What do you actually need? Or alternatively, what is your research question, and what do you require to answer it? What sorts of data are mandatory, what are nice to have, what are unnecessary? For an example, in my PhD and my first post-doc, I used MRI near-exclusively. Specifically, I have looked at both healthy brain ageing and dementias, and using data that had been previously acquired, thereby having to work within the framework of existing study designs. Which was hugely beneficial for me, ultimately, but the nuances of exact protocols can be obfuscated (often not intentionally!), if you’re a junior researcher on a massive learning curve.
Many a time, I thought a dataset would be perfect, only for it to be missing a scan I critically needed at that time, or to have the scan be available, but the quality unusable for my needs.

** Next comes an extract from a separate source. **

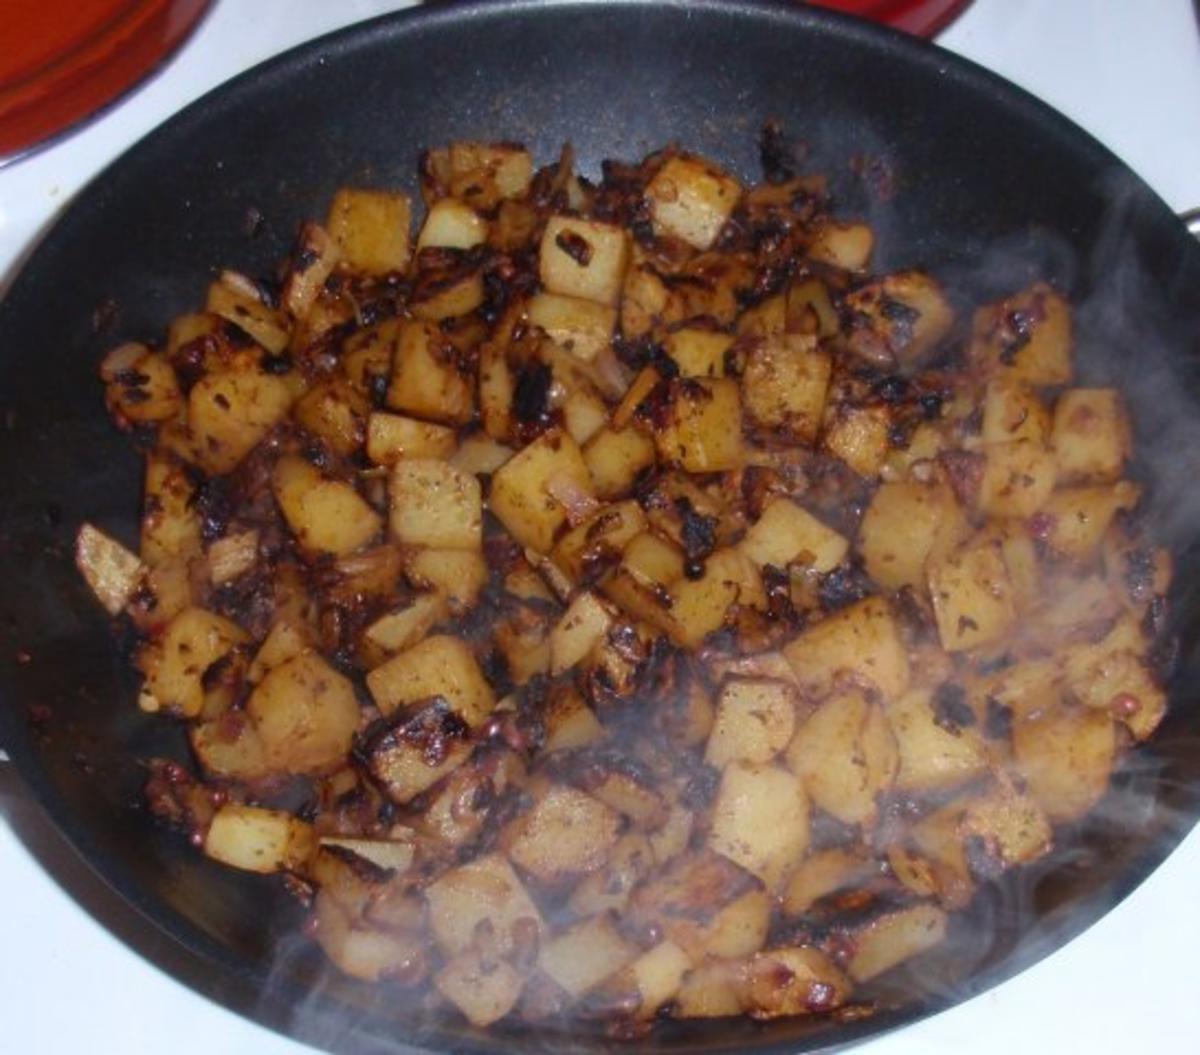 Pangasiusfilet auf Gemüse-Zwiebelbett und Bratkartoffeln - Rezept - Bild Nr. 12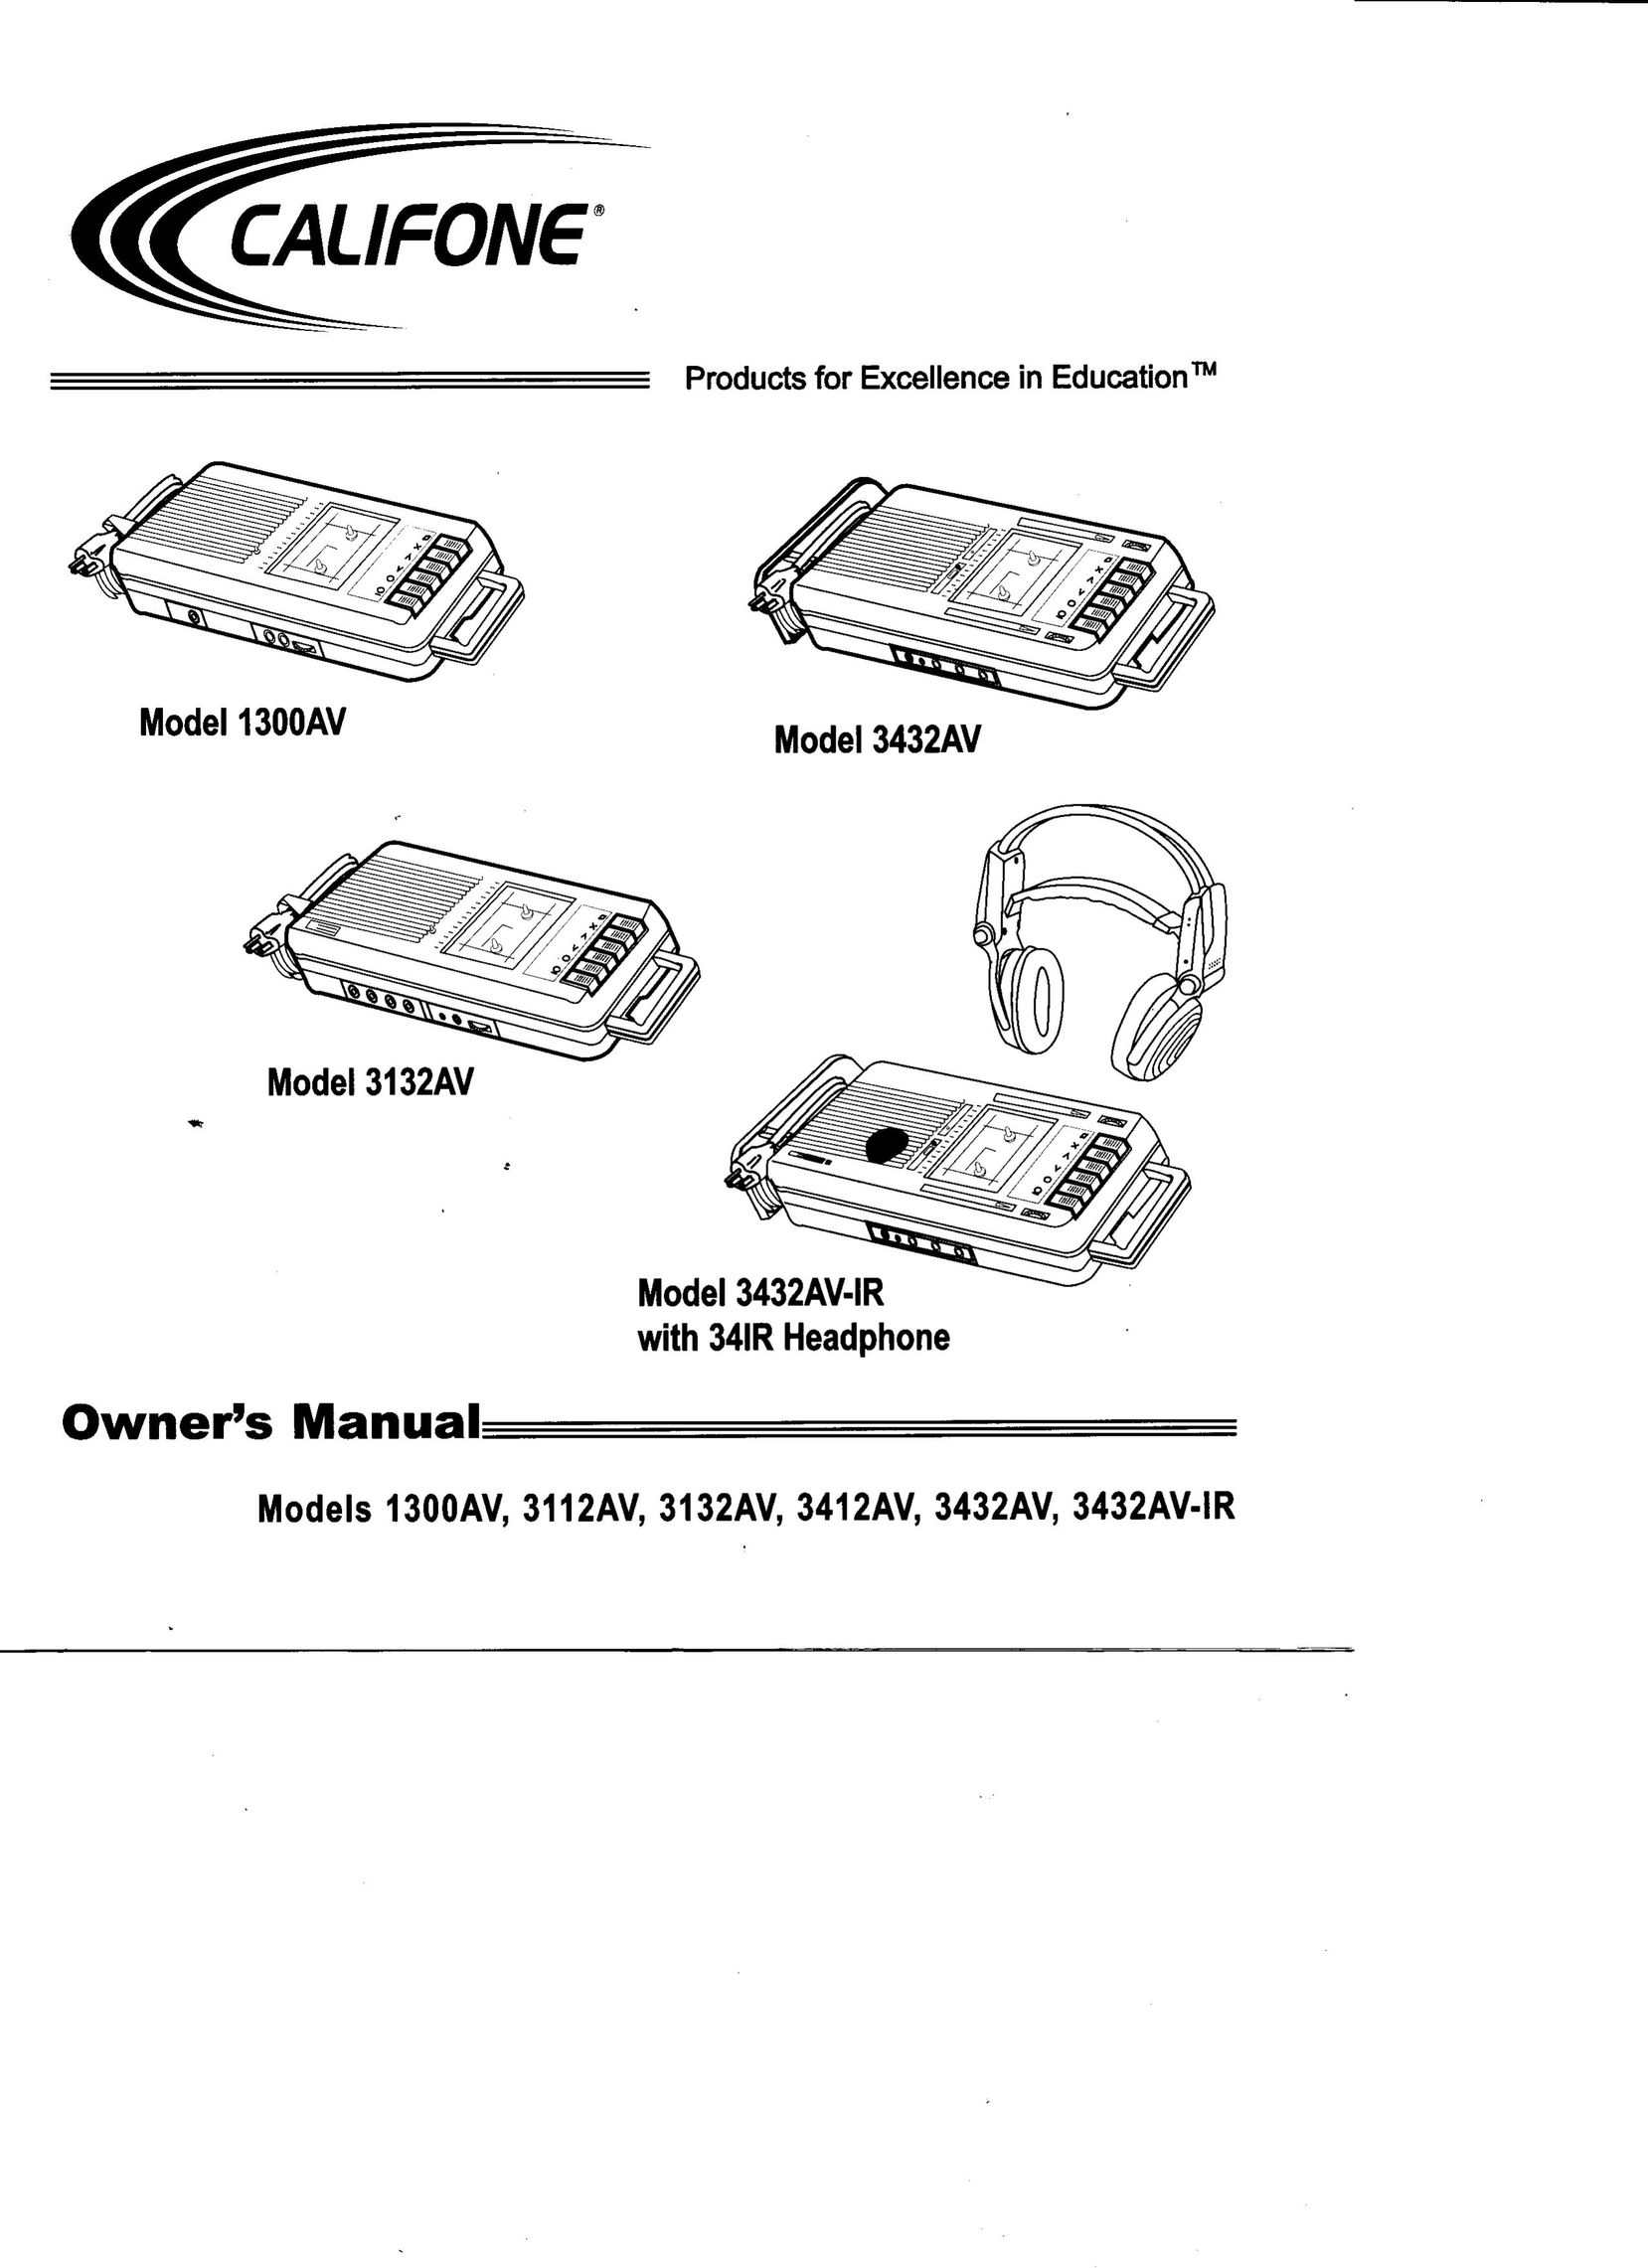 Califone 3132AV Cassette Player User Manual (Page 1)

Where are you going to find it? Time for a lot of conversations with colleagues and possibility many subsequent searches. This might be the end of the road for your searching, for example if you’re into large-scale, UK-focused research data that is rich in longitudinal data, you probably want to turn to one of the most comprehensive biobanks in the world, UK Biobank. If, for example, you want to look at a more niche cohort, you might have to spend a significantly greater amount of time looking for data, but I cannot stress enough how worthwhile it is to be thorough at this stage. You could check government and research institutions as a starting point. The question you really want to be able to answer at the end of this searching – can we use an established dataset, or do we need to/is it better to collect our own data?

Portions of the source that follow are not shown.